Welcome from Kolton
Welcome to the second Chaos Conf. Kolton will explain why we created Chaos Conf and share logistics for the day. Our theme for Chaos Conf 2019 is Break Through.

Keynote: Chaos Engineering for People Systems
The rise of highly distributed computing systems based on microservices has made predicting and debugging our products more complex than ever. In response, Chaos Engineering has developed as a way to discover, diagnose, and debug the inevitable emergent properties (and problems) that come with this new reality.
What about our human systems? Can we apply the techniques of chaos engineering to build better teams? Happier employees? More successful companies? Dave thinks so and wants to convince you, too. Come hear him try!
In this keynote, Dave will share his experiences building stronger systems, teams, and companies at Google over the last 5 years.

Forming Failure Hypothesis
At Expedia, Subbu is leading a large-scale migration of Expedia’s travel platforms from enterprise data centers to a highly available architecture on the cloud. Before joining Expedia, as a Distinguished Engineer at eBay Inc., Subbu helped build private cloud infrastructure and platforms for eBay and PayPal.

Think Big: Chaos Testing a Monolith
For many companies, Chaos Engineering means testing dependencies between services or killing container instances. Those approaches don't work if your company's main product is a 23 million line PHP monolith running on bare metal. This talk explores chaos testing when best practices aren't an option.

Embracing Chaos!
Ana Medina, Gremlin
Practical steps for getting started with Chaos Engineering. Using concrete examples we'll cover onboarding teams onto a Chaos Engineering platform, identifying teams that are ready to do GameDays and creating feedback loops to measure resilience.

Lightning Talk: Hot Recipes for Building Chaos Engineering Experiments
Drawing a connection between cooking and chaos.

Lightning Talk: Transitive Logic of Systems Fallibility
The fallibility of humans, systems, and software.

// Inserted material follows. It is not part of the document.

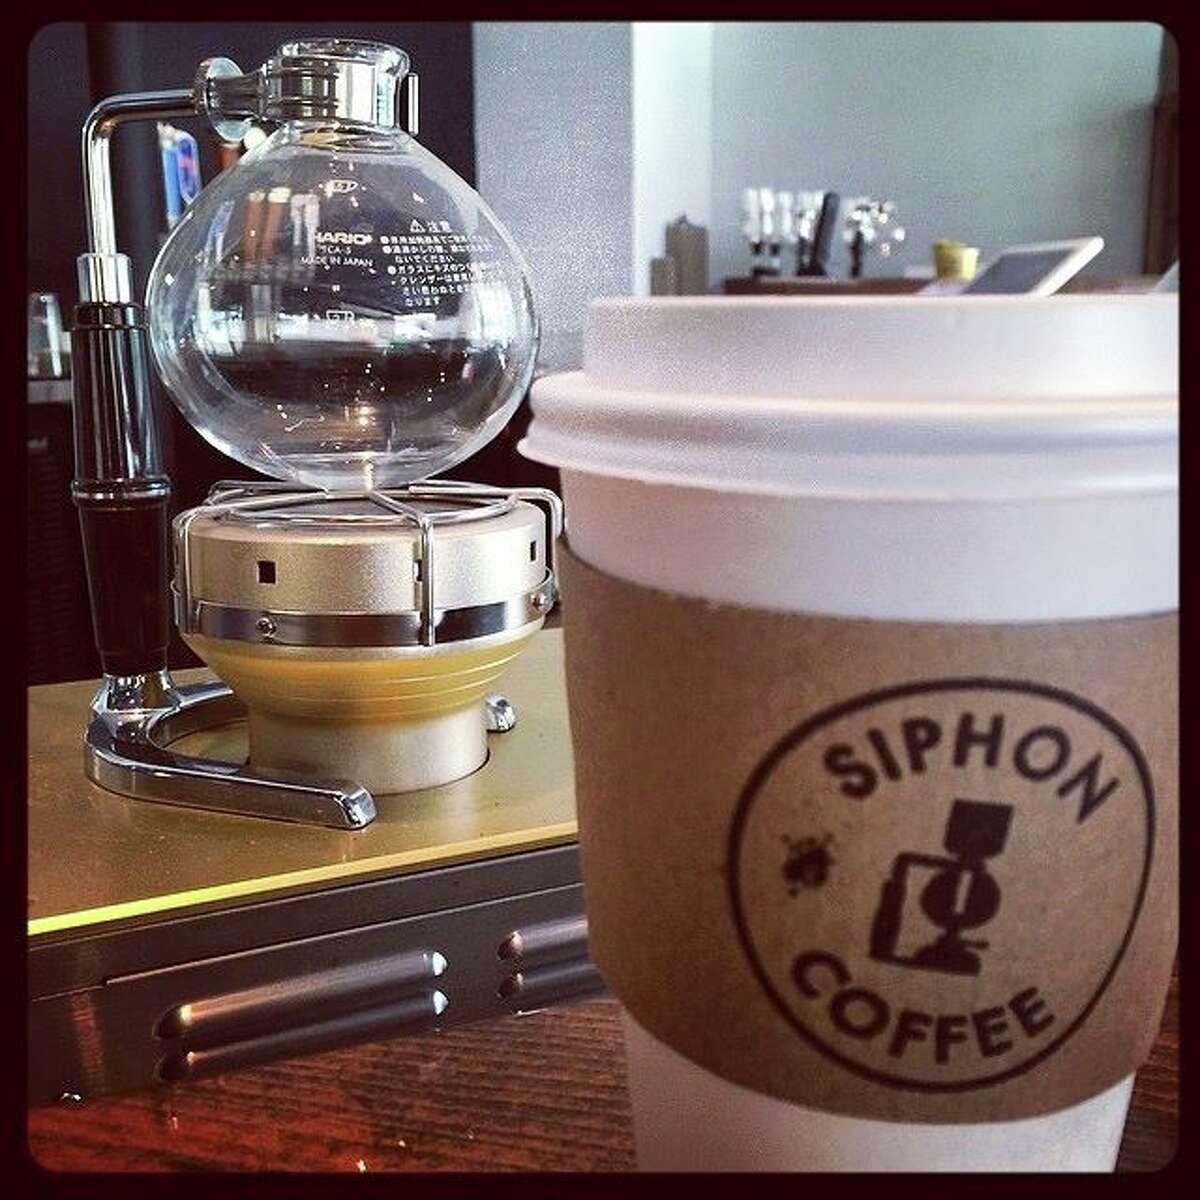 Siphon Coffee 701 W. Alabama

Lightning Talk: Who is Responsible for Chaos?
Who is responsible for chaos and what we can all do as an industry to help prevent it.

Lightning Talk: Resilience Driven Development
Monitor what matters to your customers.

Incident Repro and Playbook Validating with Chaos Engineering
Tammy Butow, Gremlin
Bobby Tables & Tammy will share how you can use Chaos Engineering to repro high severity incidents and ensure your post-incident fixes are working as expected. Bobby will also share how Chaos Engineering can be used to validate playbooks.

A roadmap towards Chaos Engineering
A common problem with Chaos Experimentation is knowing where to start. In this talk, Principal Software Engineer Jose Esquivel will present a roadmap for Chaos Experimentation that can be applicable to any organization.

Finding the Joy in Chaos Engineering
Learn how Target has built a resiliency engineering capability that enables teams to build more resilient systems and how developing a strong culture around Chaos Engineering has paid off. We'll share our journey from experimenting locally to running multi team gamedays.

The future of Chaos Engineering: In Pursuit of the Unknown Unknowns
"Systems fail all the time" goes the popular mantra in Reliability and Resilience engineering fields. Given this premise, industry leading organizations' practices have accelerated and matured several degrees to where we were even a few years ago. Organizations are beginning to stretch beyond their homegrown approaches to building organizational resilience to leveraging the expertise within the industry, and integrating approaches directly into the software deployment lifecycle through commoditized Chaos services.
However, our systems and organizations keep growing in complexity under the ever-increasing pressure for efficiency and scale. Our architectural approaches and paradigms keep shifting to cope with the complexity of domains such as wide adoption of micro services and Serverless development approaches.
A current limiting factor in running Chaos experiments is their contrived nature - we must think ahead what could go wrong. Is this true to experience? What about the sense of surprise that usually pervades failure situations? How can we facilitate more random, generative experiments?
In this talk, Crystal will offer where our Chaos and Resilience practices must evolve to keep pace with the challenges of growing complexity.